--- The data ---

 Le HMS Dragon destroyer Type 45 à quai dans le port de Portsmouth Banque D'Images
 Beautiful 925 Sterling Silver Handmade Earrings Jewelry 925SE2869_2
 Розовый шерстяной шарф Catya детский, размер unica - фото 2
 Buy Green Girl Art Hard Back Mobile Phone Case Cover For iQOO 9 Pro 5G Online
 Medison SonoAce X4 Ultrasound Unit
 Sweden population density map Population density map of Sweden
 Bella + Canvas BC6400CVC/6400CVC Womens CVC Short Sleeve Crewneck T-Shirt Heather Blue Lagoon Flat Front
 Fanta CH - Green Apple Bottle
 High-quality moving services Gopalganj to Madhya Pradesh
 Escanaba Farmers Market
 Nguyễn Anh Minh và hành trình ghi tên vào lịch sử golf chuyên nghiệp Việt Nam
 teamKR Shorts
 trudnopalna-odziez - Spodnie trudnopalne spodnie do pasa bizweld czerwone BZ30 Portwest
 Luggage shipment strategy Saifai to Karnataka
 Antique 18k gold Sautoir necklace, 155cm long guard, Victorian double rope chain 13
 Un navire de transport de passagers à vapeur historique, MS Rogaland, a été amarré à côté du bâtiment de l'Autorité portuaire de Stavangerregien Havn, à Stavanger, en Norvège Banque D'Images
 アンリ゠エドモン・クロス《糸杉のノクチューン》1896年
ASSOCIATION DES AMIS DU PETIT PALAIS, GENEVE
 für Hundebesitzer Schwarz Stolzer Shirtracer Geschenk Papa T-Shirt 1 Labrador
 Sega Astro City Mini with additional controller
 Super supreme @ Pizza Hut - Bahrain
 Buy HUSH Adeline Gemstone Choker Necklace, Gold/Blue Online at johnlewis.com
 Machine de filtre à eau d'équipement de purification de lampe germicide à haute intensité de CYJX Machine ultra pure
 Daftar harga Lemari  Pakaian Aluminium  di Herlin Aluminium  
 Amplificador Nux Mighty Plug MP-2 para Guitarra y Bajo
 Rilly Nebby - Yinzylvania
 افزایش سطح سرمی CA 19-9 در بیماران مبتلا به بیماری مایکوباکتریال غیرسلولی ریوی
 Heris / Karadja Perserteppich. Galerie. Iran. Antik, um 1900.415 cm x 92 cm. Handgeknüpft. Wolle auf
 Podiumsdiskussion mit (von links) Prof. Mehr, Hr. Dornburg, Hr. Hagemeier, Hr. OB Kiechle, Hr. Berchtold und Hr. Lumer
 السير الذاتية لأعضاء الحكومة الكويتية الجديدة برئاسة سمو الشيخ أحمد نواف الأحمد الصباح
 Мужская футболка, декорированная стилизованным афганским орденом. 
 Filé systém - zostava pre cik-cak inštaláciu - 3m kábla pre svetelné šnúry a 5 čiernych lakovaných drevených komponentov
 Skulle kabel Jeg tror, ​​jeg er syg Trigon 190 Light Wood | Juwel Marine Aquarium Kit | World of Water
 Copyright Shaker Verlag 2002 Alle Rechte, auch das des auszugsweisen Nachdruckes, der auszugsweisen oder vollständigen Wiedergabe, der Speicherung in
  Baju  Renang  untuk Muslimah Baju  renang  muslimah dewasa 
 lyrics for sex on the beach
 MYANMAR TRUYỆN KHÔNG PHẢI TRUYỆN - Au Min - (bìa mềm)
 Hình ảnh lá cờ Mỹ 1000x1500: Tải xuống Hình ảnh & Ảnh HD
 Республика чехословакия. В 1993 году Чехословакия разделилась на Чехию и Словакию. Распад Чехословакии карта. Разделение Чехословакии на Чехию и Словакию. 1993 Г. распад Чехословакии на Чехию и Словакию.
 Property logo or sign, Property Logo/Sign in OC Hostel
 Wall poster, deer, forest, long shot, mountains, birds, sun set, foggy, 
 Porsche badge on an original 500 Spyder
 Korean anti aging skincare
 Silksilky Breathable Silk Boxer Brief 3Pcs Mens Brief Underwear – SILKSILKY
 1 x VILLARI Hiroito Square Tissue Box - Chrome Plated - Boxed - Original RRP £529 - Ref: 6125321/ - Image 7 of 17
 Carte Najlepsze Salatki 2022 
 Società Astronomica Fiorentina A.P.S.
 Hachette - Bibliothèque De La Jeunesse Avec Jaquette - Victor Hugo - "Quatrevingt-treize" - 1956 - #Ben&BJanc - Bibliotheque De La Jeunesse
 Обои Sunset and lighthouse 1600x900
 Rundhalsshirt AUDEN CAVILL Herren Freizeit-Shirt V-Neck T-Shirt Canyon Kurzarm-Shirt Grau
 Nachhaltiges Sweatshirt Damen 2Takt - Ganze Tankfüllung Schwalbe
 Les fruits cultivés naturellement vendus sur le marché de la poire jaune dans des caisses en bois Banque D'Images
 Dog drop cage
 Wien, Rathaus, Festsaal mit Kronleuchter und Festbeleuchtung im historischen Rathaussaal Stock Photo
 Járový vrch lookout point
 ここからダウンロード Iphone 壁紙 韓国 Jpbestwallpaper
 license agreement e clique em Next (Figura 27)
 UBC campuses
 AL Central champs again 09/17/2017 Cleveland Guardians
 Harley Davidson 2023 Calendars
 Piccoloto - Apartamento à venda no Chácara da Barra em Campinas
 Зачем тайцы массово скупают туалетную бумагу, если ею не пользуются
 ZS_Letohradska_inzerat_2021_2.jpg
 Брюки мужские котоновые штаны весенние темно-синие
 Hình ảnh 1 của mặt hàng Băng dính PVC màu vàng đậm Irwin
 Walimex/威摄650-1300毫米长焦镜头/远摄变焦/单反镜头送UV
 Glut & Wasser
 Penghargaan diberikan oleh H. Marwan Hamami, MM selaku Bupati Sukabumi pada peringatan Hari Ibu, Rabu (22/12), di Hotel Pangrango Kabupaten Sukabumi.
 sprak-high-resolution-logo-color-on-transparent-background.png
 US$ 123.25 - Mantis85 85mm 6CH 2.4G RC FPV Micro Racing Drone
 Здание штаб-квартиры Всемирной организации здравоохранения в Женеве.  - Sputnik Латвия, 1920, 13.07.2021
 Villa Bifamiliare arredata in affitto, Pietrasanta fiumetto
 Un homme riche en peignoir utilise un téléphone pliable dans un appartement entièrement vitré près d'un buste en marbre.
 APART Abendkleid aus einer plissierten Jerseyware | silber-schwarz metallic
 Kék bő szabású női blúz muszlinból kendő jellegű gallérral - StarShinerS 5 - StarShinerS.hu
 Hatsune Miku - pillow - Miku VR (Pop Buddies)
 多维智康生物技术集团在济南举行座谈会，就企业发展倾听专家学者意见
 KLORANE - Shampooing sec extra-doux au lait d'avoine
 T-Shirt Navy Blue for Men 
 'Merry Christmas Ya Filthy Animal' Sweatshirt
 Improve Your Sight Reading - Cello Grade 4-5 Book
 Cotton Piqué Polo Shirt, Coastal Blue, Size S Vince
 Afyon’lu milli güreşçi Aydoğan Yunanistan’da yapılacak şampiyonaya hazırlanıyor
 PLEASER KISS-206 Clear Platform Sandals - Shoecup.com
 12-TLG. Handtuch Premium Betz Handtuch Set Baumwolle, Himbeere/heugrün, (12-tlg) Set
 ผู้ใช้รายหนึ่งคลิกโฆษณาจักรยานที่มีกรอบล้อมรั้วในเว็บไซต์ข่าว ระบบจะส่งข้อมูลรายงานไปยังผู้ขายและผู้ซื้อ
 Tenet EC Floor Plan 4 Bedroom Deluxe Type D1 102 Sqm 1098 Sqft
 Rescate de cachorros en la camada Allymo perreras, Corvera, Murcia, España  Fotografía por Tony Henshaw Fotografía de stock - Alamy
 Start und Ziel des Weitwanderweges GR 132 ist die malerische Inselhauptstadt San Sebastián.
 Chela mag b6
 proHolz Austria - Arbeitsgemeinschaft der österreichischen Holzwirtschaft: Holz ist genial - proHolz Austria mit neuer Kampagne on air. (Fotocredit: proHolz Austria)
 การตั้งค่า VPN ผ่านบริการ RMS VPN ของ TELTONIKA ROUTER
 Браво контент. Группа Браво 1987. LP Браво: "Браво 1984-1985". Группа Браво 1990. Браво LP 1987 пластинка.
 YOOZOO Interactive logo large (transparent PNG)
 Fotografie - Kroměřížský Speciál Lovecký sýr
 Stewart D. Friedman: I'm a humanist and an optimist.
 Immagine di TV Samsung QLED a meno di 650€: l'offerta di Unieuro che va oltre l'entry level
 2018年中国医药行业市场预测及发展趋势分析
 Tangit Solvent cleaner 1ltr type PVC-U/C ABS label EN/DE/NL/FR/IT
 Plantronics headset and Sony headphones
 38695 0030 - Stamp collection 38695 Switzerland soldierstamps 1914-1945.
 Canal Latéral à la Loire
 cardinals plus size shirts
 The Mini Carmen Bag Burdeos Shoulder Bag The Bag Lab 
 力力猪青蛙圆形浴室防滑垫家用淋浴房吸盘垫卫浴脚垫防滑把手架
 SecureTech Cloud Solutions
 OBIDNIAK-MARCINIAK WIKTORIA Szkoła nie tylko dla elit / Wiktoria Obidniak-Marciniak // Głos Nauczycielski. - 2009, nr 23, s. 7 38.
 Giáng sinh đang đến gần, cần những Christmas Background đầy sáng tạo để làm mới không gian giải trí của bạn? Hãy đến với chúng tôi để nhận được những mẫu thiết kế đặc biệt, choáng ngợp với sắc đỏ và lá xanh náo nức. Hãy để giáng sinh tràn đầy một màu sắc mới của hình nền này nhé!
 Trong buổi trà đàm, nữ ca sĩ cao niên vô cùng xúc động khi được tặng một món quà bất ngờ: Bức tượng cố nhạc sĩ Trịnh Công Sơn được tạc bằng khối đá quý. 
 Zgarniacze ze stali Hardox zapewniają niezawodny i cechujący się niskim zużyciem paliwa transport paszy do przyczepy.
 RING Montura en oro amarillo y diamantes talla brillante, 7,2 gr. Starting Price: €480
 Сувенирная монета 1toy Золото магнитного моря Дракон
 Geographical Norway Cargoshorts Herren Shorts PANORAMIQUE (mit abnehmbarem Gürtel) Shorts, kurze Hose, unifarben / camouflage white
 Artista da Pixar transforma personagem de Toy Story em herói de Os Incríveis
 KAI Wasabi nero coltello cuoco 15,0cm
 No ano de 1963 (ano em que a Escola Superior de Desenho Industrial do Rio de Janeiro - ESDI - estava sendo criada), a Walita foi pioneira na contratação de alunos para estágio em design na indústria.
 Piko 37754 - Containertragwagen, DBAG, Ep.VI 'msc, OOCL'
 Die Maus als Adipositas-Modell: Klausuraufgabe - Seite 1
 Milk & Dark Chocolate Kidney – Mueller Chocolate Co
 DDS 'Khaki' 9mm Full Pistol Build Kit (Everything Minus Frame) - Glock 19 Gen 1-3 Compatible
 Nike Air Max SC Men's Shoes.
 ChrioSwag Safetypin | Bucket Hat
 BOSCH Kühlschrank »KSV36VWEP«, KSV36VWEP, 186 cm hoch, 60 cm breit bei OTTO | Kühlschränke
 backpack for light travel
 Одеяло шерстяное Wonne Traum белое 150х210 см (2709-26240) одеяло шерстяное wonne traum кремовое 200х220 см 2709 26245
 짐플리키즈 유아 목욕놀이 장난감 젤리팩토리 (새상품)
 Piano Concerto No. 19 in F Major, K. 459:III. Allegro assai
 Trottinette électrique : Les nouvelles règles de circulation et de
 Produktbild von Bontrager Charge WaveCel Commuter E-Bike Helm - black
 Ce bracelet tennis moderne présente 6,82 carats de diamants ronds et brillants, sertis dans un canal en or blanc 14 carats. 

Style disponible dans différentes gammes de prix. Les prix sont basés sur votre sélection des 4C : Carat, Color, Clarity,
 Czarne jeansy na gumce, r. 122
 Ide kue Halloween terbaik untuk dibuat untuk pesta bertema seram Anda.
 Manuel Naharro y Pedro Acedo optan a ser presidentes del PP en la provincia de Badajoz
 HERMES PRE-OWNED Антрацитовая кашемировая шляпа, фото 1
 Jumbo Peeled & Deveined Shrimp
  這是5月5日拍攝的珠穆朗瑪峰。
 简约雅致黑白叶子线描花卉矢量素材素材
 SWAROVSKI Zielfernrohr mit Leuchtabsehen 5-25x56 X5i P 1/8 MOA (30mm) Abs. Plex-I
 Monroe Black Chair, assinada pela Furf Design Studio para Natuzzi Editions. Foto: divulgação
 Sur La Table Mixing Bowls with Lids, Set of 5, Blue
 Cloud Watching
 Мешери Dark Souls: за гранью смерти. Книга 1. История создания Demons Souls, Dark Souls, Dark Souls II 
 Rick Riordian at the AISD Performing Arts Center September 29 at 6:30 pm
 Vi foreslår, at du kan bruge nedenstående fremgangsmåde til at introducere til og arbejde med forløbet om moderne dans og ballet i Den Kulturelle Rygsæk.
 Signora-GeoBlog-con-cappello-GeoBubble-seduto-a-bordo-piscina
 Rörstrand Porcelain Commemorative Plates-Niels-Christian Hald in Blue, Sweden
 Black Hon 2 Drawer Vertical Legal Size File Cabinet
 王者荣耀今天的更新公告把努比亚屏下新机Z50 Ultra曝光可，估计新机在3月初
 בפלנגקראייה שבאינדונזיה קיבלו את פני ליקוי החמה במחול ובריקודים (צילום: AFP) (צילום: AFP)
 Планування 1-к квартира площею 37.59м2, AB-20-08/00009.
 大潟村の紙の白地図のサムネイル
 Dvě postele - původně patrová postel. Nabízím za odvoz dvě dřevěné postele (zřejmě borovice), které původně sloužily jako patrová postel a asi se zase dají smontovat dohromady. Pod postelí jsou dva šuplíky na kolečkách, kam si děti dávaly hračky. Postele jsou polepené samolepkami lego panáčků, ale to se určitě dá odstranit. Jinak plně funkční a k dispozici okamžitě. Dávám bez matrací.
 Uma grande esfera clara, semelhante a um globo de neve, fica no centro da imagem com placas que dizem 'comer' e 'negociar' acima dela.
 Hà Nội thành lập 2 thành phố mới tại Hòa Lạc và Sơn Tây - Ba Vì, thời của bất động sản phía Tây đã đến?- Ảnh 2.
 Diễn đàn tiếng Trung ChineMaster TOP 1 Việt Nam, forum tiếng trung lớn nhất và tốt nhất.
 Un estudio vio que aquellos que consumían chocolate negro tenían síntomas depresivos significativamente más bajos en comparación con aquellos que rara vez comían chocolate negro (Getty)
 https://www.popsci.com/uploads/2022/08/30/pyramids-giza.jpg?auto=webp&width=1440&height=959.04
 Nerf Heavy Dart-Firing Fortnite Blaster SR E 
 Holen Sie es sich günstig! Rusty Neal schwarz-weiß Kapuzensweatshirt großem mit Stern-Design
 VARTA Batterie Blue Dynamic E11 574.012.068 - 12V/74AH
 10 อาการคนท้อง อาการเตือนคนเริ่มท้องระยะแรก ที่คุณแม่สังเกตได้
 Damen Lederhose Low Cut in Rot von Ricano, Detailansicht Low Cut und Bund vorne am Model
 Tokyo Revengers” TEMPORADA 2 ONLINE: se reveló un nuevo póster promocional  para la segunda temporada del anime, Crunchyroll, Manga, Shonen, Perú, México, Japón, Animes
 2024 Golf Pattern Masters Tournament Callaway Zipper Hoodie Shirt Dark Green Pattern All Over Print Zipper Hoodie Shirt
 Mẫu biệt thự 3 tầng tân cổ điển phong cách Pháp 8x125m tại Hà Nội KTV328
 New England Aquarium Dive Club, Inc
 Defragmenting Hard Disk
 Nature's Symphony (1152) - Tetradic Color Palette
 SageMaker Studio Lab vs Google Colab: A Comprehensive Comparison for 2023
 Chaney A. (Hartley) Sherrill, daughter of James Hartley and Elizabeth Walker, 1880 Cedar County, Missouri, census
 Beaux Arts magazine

---

Work request: What are the lines, exactly as written above, from the line with "trudnopalna-odziez - Spodnie" to the line with "Skulle kabel Jeg", both included? Output only those.

Reply:
 trudnopalna-odziez - Spodnie trudnopalne spodnie do pasa bizweld czerwone BZ30 Portwest
 Luggage shipment strategy Saifai to Karnataka
 Antique 18k gold Sautoir necklace, 155cm long guard, Victorian double rope chain 13
 Un navire de transport de passagers à vapeur historique, MS Rogaland, a été amarré à côté du bâtiment de l'Autorité portuaire de Stavangerregien Havn, à Stavanger, en Norvège Banque D'Images
 アンリ゠エドモン・クロス《糸杉のノクチューン》1896年
ASSOCIATION DES AMIS DU PETIT PALAIS, GENEVE
 für Hundebesitzer Schwarz Stolzer Shirtracer Geschenk Papa T-Shirt 1 Labrador
 Sega Astro City Mini with additional controller
 Super supreme @ Pizza Hut - Bahrain
 Buy HUSH Adeline Gemstone Choker Necklace, Gold/Blue Online at johnlewis.com
 Machine de filtre à eau d'équipement de purification de lampe germicide à haute intensité de CYJX Machine ultra pure
 Daftar harga Lemari  Pakaian Aluminium  di Herlin Aluminium  
 Amplificador Nux Mighty Plug MP-2 para Guitarra y Bajo
 Rilly Nebby - Yinzylvania
 افزایش سطح سرمی CA 19-9 در بیماران مبتلا به بیماری مایکوباکتریال غیرسلولی ریوی
 Heris / Karadja Perserteppich. Galerie. Iran. Antik, um 1900.415 cm x 92 cm. Handgeknüpft. Wolle auf
 Podiumsdiskussion mit (von links) Prof. Mehr, Hr. Dornburg, Hr. Hagemeier, Hr. OB Kiechle, Hr. Berchtold und Hr. Lumer
 السير الذاتية لأعضاء الحكومة الكويتية الجديدة برئاسة سمو الشيخ أحمد نواف الأحمد الصباح
 Мужская футболка, декорированная стилизованным афганским орденом. 
 Filé systém - zostava pre cik-cak inštaláciu - 3m kábla pre svetelné šnúry a 5 čiernych lakovaných drevených komponentov
 Skulle kabel Jeg tror, ​​jeg er syg Trigon 190 Light Wood | Juwel Marine Aquarium Kit | World of Water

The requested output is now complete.